* [SUPPLIED MATERIAL]
* * * * * * *
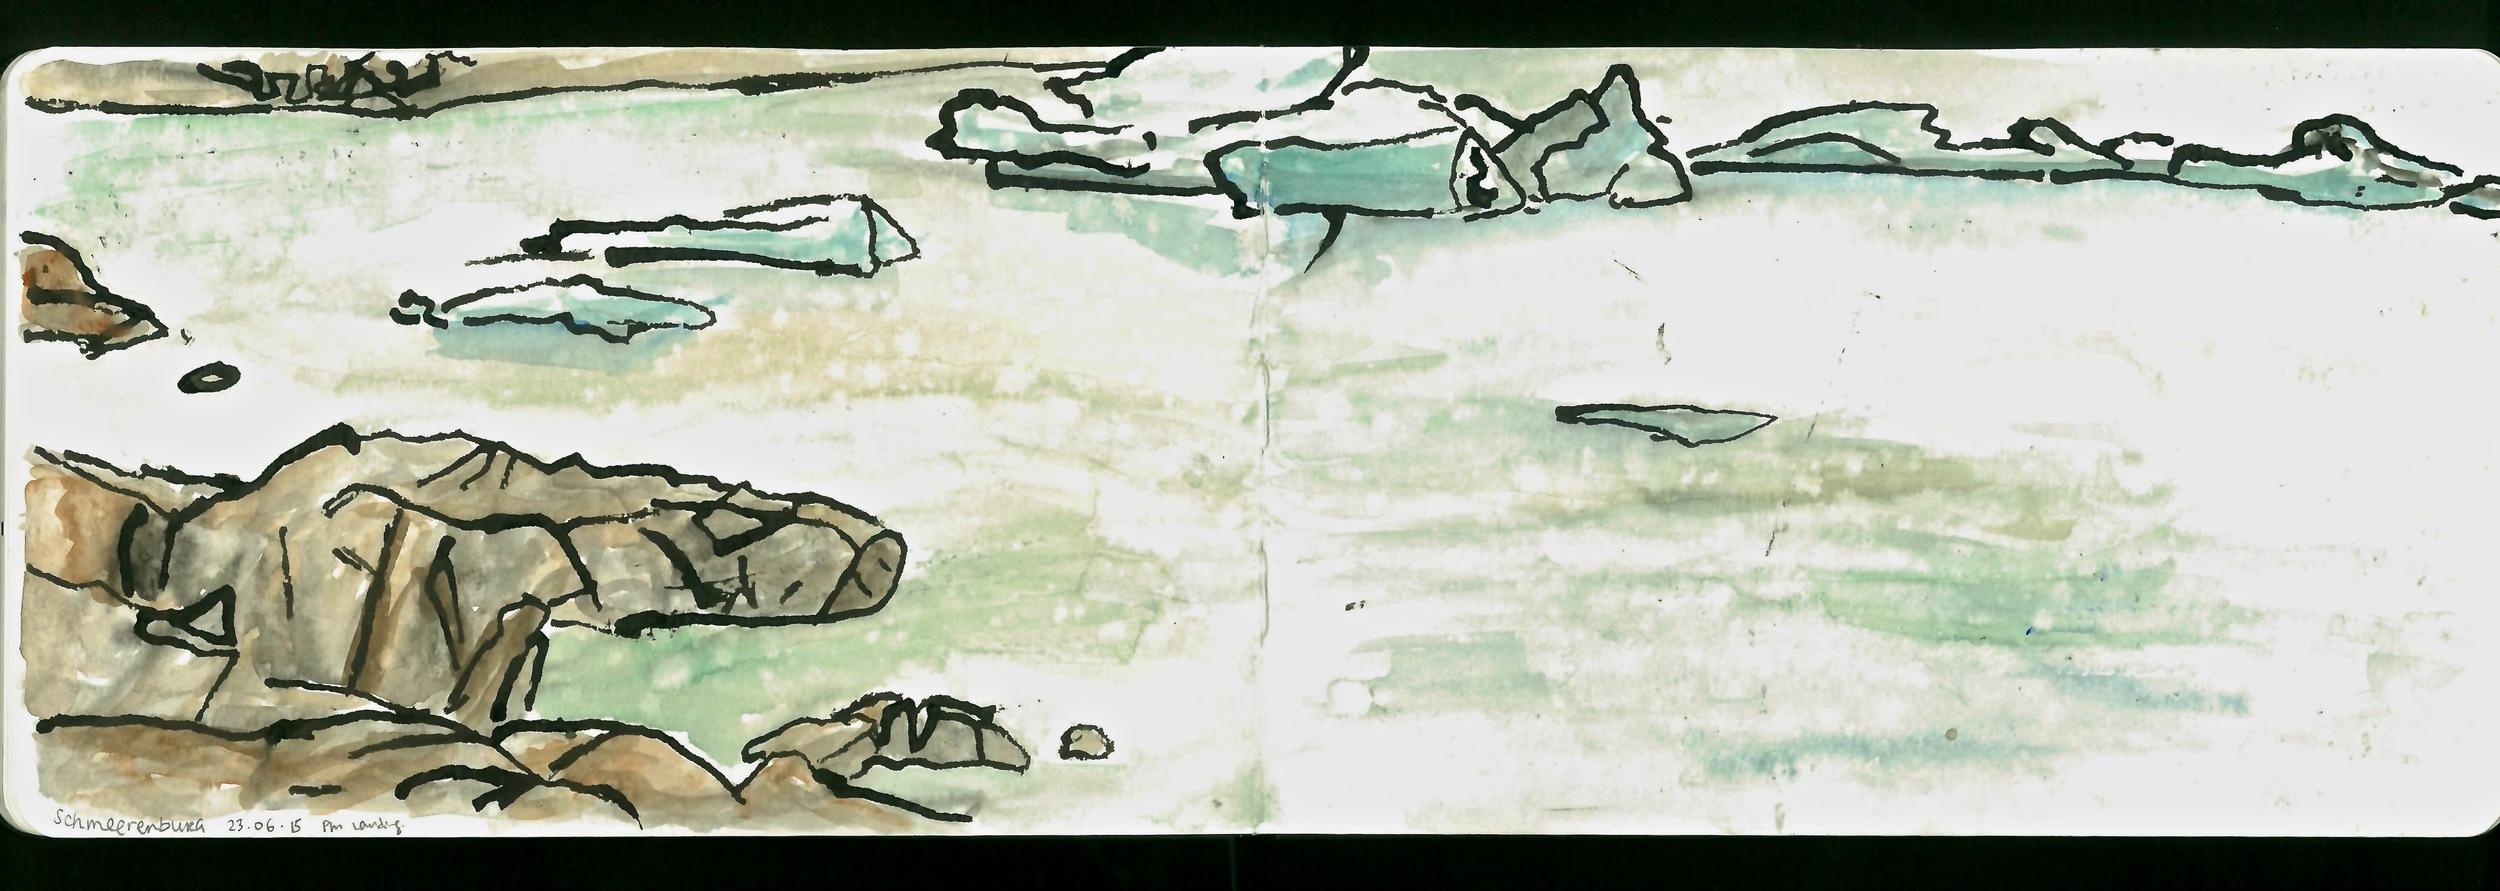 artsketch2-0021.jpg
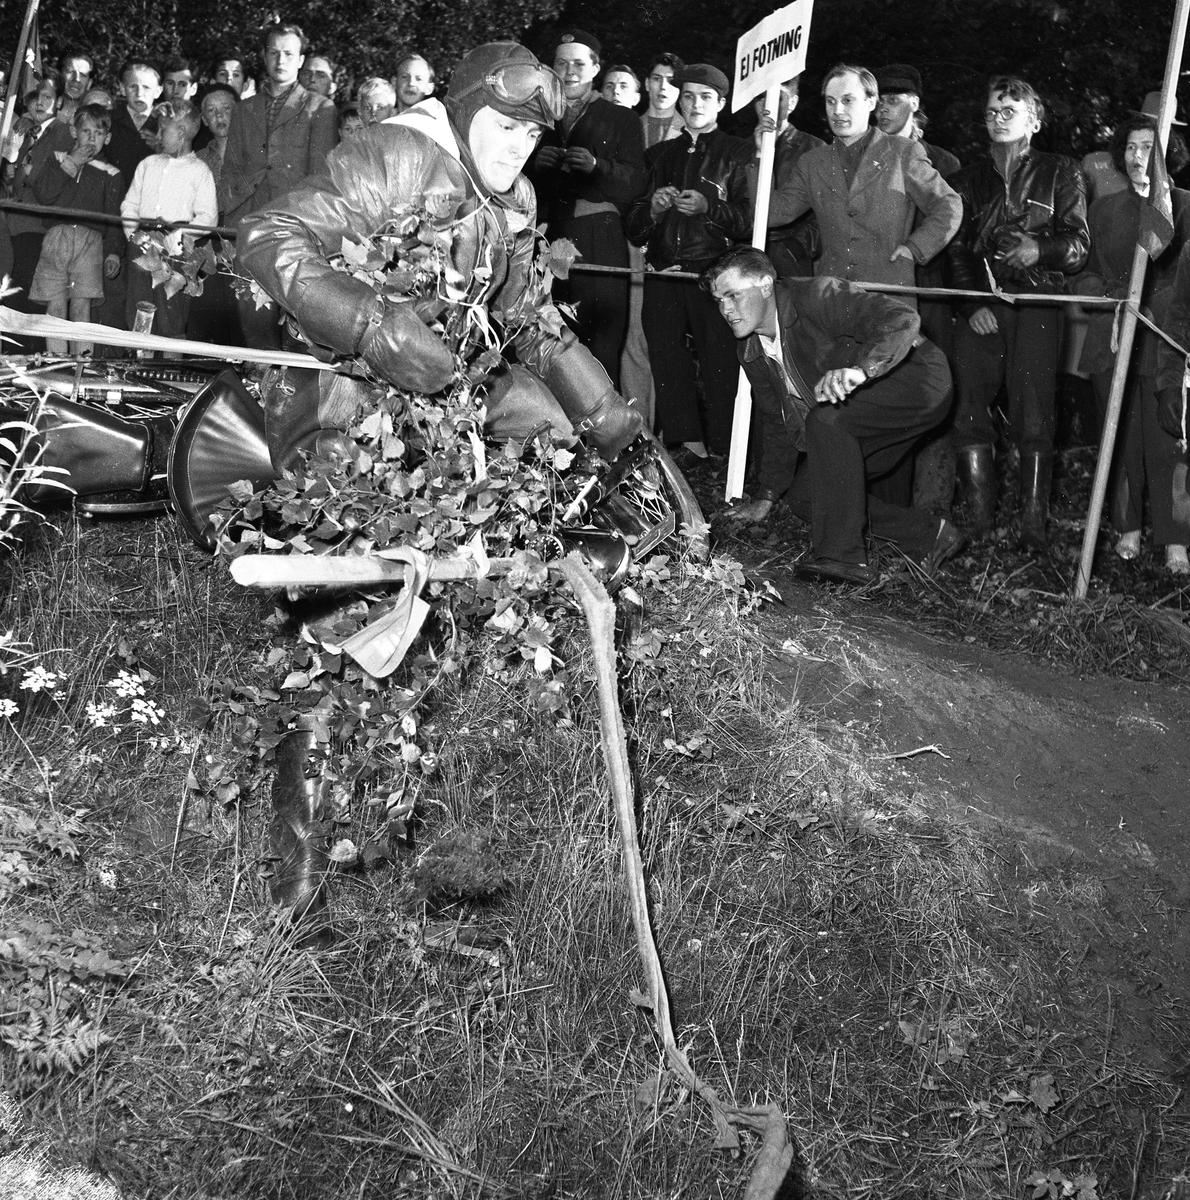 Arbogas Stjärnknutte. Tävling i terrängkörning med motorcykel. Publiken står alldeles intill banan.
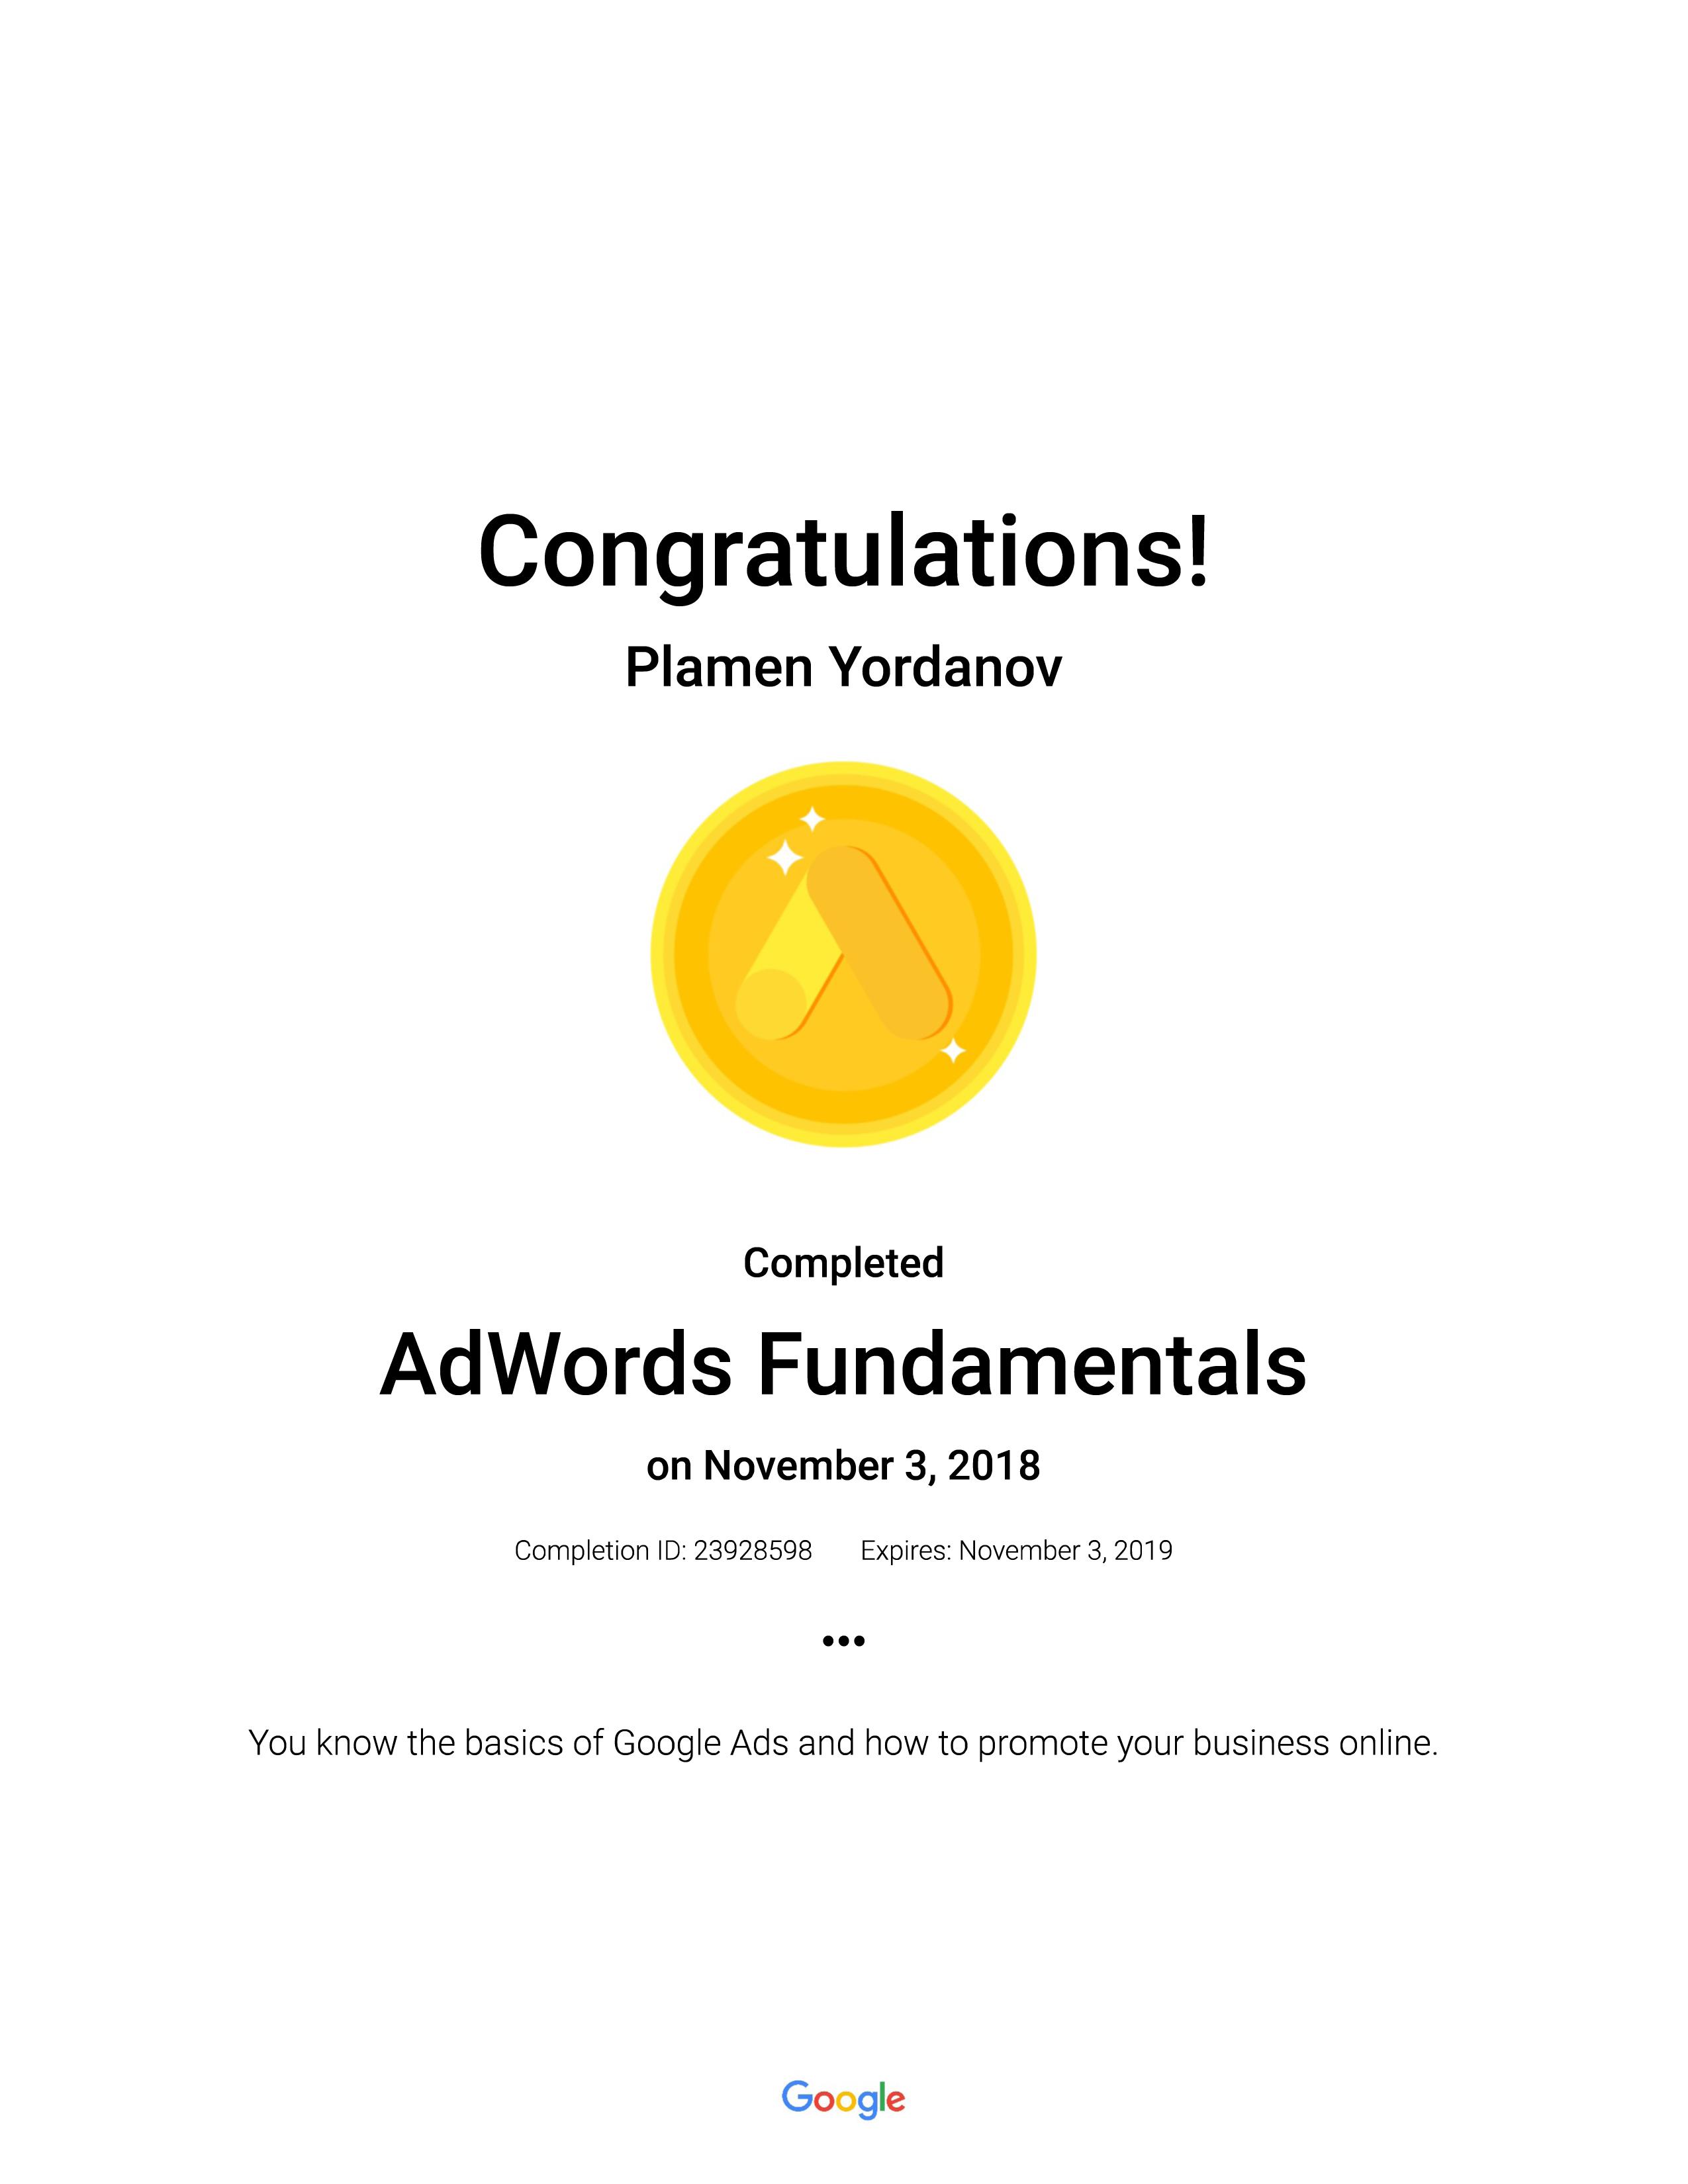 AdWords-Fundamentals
* * * * * * *
* [ABOUT THIS EXERCISE]
Give back the full listing exactly, with pictures dropped.

* [ANSWER SPACE]
 artsketch2-0021.jpg
 Arbogas Stjärnknutte. Tävling i terrängkörning med motorcykel. Publiken står alldeles intill banan.
 AdWords-Fundamentals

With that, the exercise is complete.